Он?
Он — в преступной халатности? Он? Который… который всегда, всегда, всегда самый первый, всегда раньше всех, раньше всех на работу, старший инженер, групповой инженер, зам. начальника отдела, начальник отдела, зам. главного инженера, все раньше и раньше, и, наконец, главный инженер института Сомов А. В. С семи утра до девяти вечера главный инженер головного института Сомов Анатолий Васильевич, не зная ни дня ни ночи, он, который тянул из себя жилы, оставаясь при всем том еще и начальником отдела, что было уже просто выше человеческих сил и было бы просто невозможно, если бы не люди, которые работали рядом, которые росли вместе с ним, которых он сам разыскал, такие, например, как Аркадий. Как Аркадий, который всегда был его правой рукой, всегда был рядом, который в эту минуту лежал на соседней койке, Аркадий, самая светлая голова института, Аркадий, «правительственных наград не имеет», но зато «имеет двух детей 1972 года рождения», близнецы Миша и Гриша, за которых тоже отвечать ему, Сомову А. В., — да, он за все в ответе по статье сто семьдесят второй Уголовного кодекса — за Аркадия Зальцмана и за всех остальных. За Колю Рыжикова, за Гошу Тамарченко, за Николая Николаевича Петухова и еще и еще и еще — за всех, за всю свою команду, за этих людей, которых он по одному разыскивал по городу, тащил к себе, обещал, что мог, и давал, что обещал, — он был за них в ответе.
И время ответа близилось.
И его самого и всех. Их отделял от ответа только узкий промежуток времени, несколько часов, ночь и утро, только эти часы еще были у него, только эти часы еще могли что-то изменить, и он не имел никакого права расслабляться и плыть по течению судьбы. И хотя в камере никто не мог, не имел права нарушить распорядок, одно он мог себе позволить: не спать, собрать всю свою волю и думать, думать, думать, чтобы назавтра быть собранным и готовым к борьбе.
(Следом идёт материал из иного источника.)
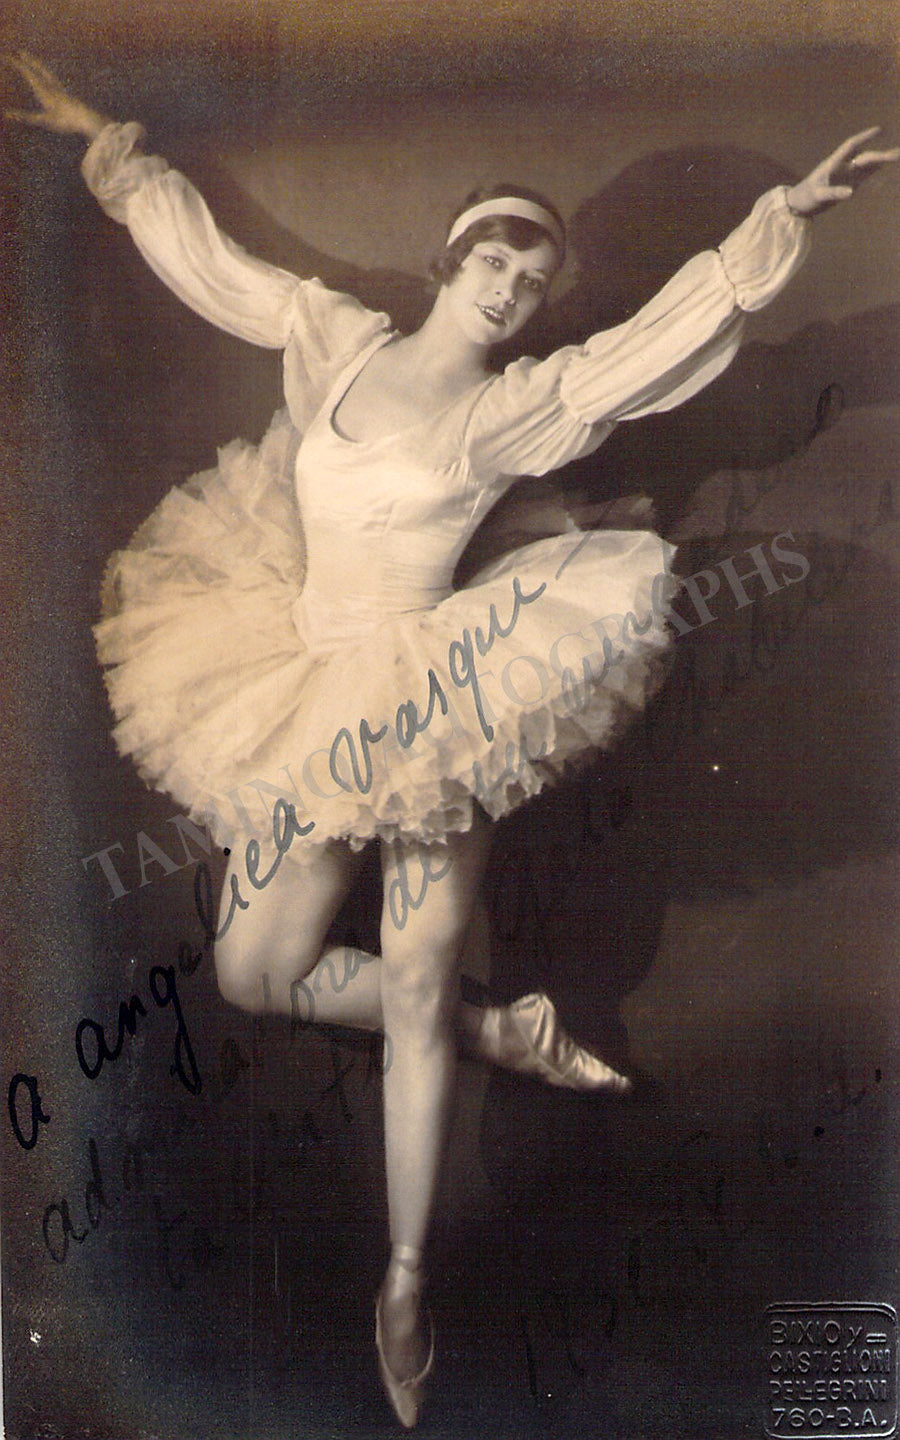 Chabelska, Gala - Signed Photograph 1930

Но тут-то он и почувствовал это — завораживающее, ласковое бессилие, расслабленность и растворяющую волю покорность. Да, покорность, расслабленность и бессилие. Паралич воли. Как сладко было думать, что сто́ит только опустить руки — и ничего уже будет не нужно, и — будь, что будет, ведь так уже повелось от века, что есть преступление и наказание, есть жертва и искупление, а ведь вина их велика, ведь погибли какие-то люди, которые тоже были ни в чем не виноваты, он не знал их, никогда о них не думал, но теперь, когда их не стало и из зала на него смотрели десятки и сотни негодующих глаз, он должен был думать и о них — о тех, кто неведомо для него жил, работал, учился, любил, собирался прочесть книгу, но не прочитал, собирался купить шкаф, но не купил и уже не купит, собирался поступать в институт, но уже не поступит никогда. Вместо этого, вместо жизни и надежд, связанных с ней, скромный памятник, бетонное надгробие за счет завкома, воспомоществование семье, потерявшей кормильца, и слезы матерей, слезы до скончания века — и все потому, что где-то на свете, независимо ни от кого и ни от чего, в какой-то день и какой-то час собрались однажды, задолго до этого, совсем другие люди и в рабочем порядке, опираясь на техническое задание и строительные нормы и правила (СНиП), а также опираясь на заключения экспертов, приняли такое, а не иное решение, в результате которого через шесть лет, 10 марта такого-то года во столько-то часов и минут, в корпусе № 2 такого-то завода «произошла авария, причиной которой явился взрыв мелкодисперсной пыли полиэфирного лака, образовавшейся при шлифовании и полировании деревянных футляров».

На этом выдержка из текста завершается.